Your copy must hold all of the data below, unchanged and without images.

▶ _Information shown_

####

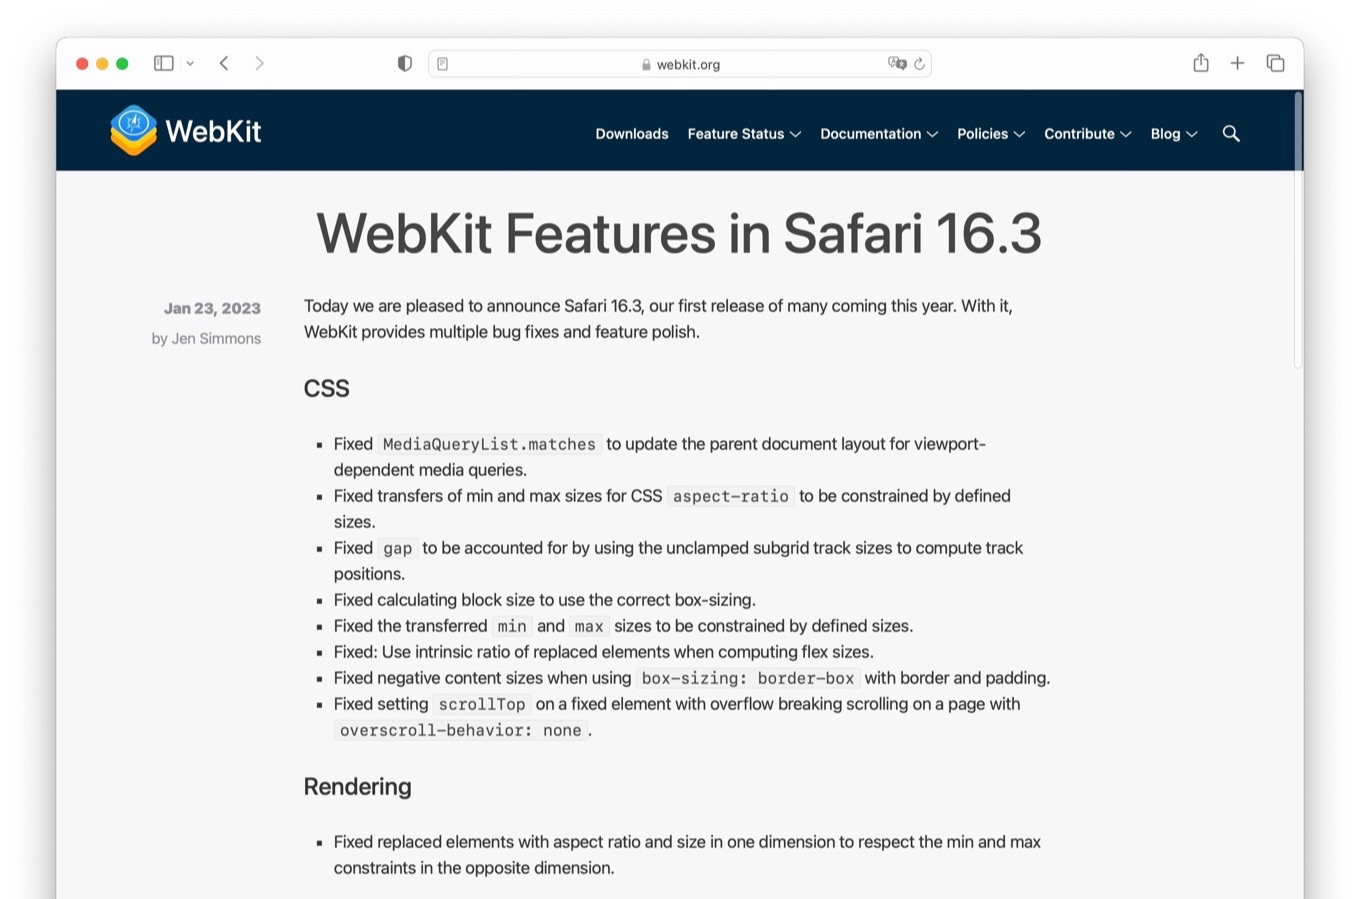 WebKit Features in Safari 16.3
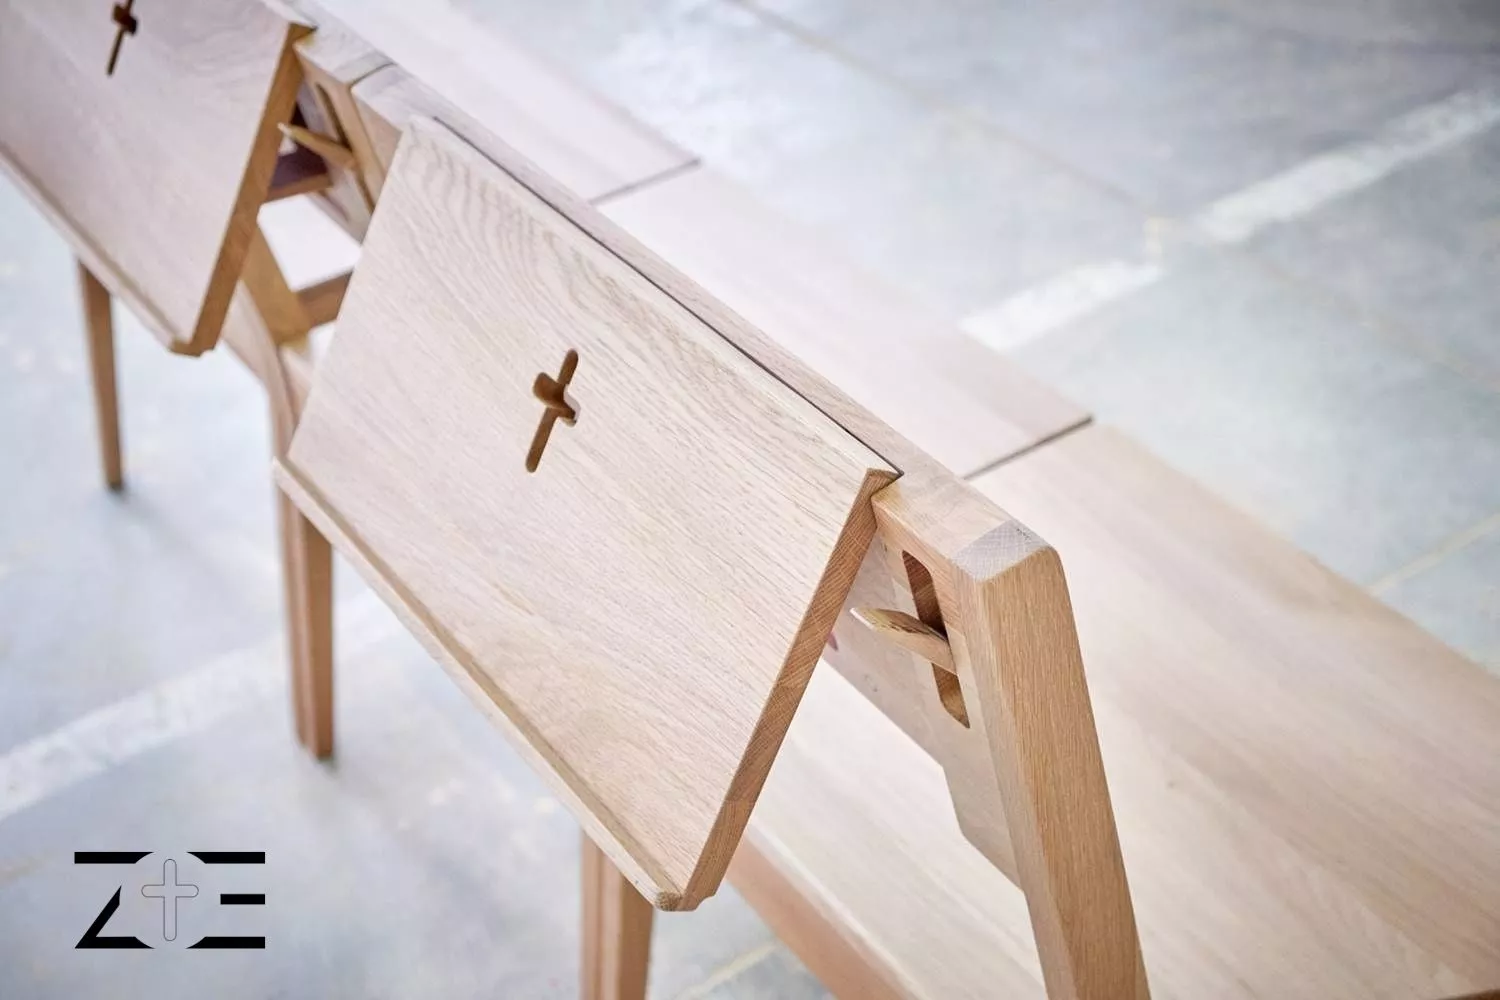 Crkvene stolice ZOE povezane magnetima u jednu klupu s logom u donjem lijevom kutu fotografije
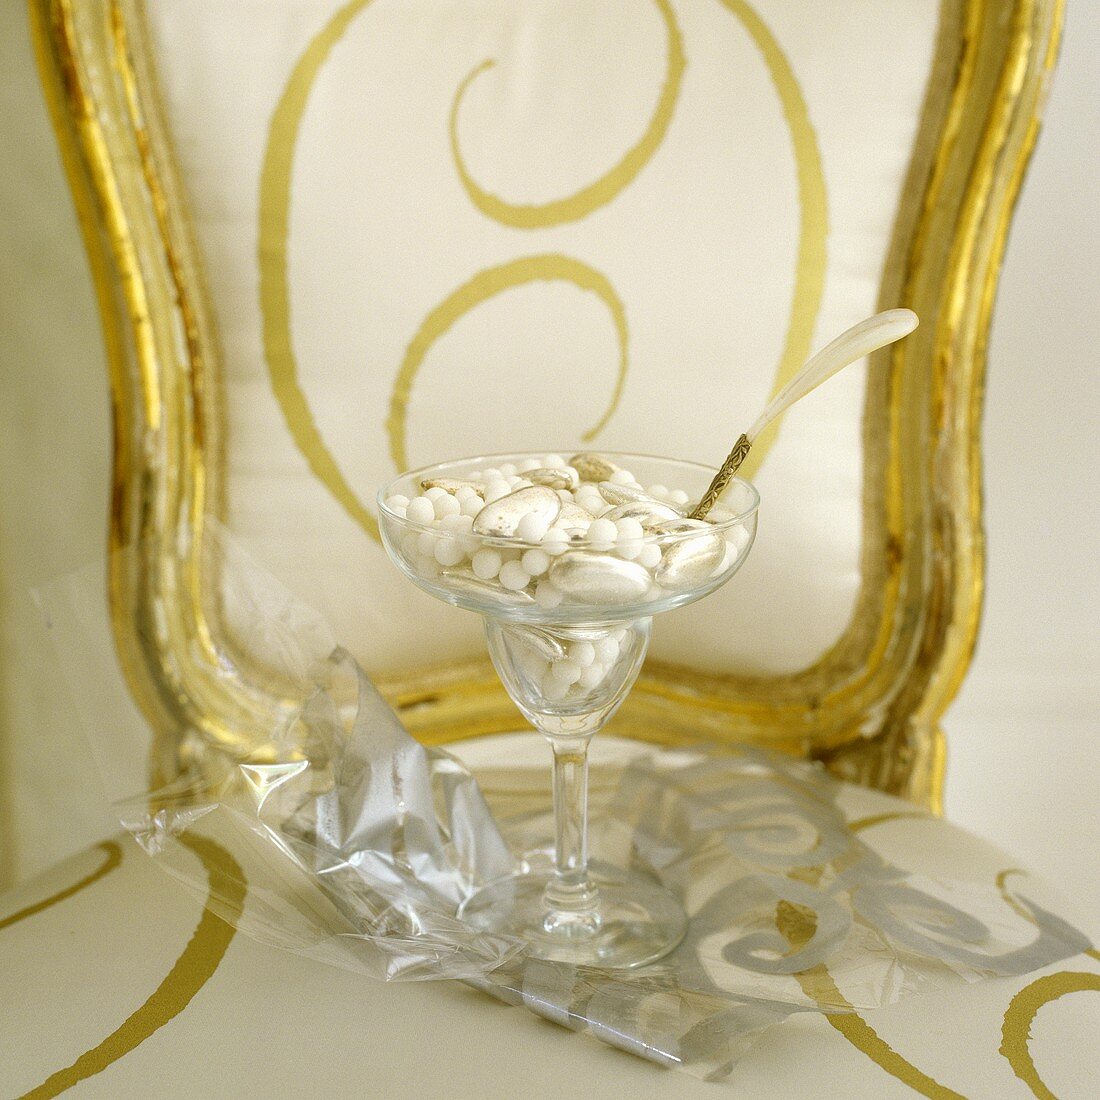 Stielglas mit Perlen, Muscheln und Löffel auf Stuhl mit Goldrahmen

####

▶ _Response for this exercise_
 WebKit Features in Safari 16.3
 Crkvene stolice ZOE povezane magnetima u jednu klupu s logom u donjem lijevom kutu fotografije
 Stielglas mit Perlen, Muscheln und Löffel auf Stuhl mit Goldrahmen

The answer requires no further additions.